The impression you should go away with after reading this is of a car that’s now more rewarding to drive, less frustrating right at the limit, lively and entertaining when you want it to be and scalpel-sharp and super-fast when you’re setting qualifying laps. It seems as though Lamborghini has at long last let the Huracán off the leash (Performante notwithstanding) and allowed it to be a direct and worthy rival to the best cars in this sector.

The V10 remains one of the most spectacular performance car power units on sale with a soaring, baleful soundtrack. Its thrilling power delivery makes you never want to drive a turbocharged car again. Over the final 3000rpm to the redline at around 8500rpm, the car feels relentlessly accelerative, so what it lacks in outright punch through the mid-range compared with a Ferrari 488 GTB or McLaren 720S, it more than makes up for in its sense of drama at the top end. For track driving, meanwhile, the twin-clutch gearbox is just about without fault.

Is the Evo now the Haracan to go for?

If there is an overriding achievement here, it is surely that the Evo’s suite of new technologies and chassis hardware, plus the predictive LDVI brain, never give the impression of knowing better than the driver.
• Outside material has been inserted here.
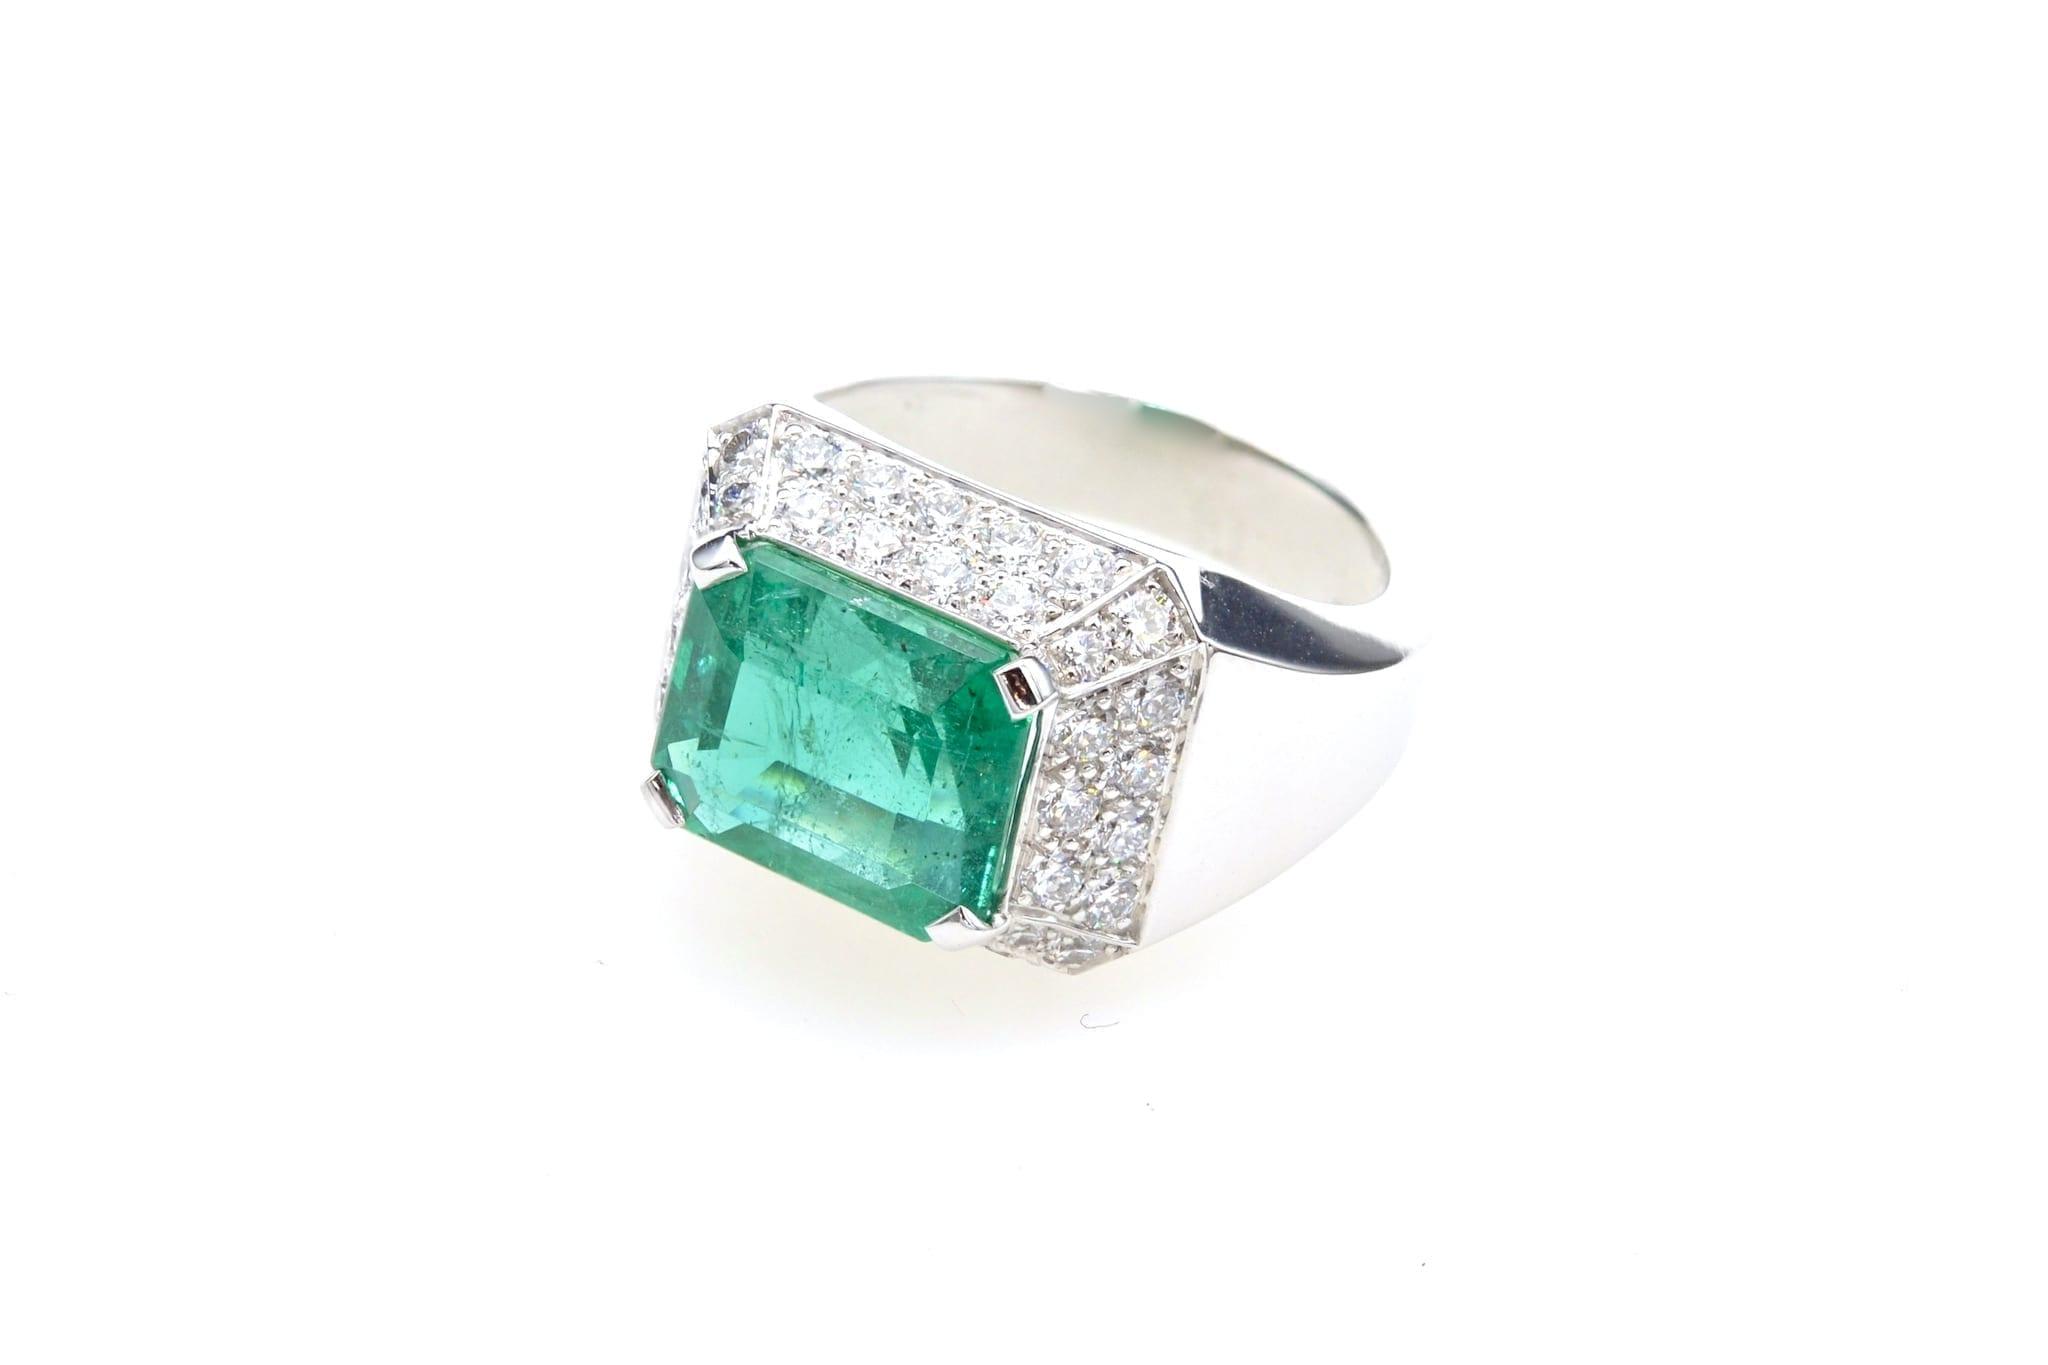 vendre bague emeraude pavee de diamants

It is still the fleshy lump that grips the wheel that is in charge and in control, and if he or she makes a mistake, the car will not undo it.

There are now many more reasons to buy a Lamborghini Huracán than there were a couple of months ago. The Huracán Evo uses its hardware and technology to make the car not only faster and more responsive in theory, but more rewarding and engaging in practice.

With a base price in the UK of £206,000, however, Lamborghini’s V10 supercar has become notably expensive. In fact, it no longer goes up against the likes of the Audi R8 V10+ and McLaren 570S because it is so much costlier than both. Instead, it should be considered a rival to the 488 GTB and 720S mentioned above. Against such illustrious opposition, the much-improved Huracán might still be found wanting.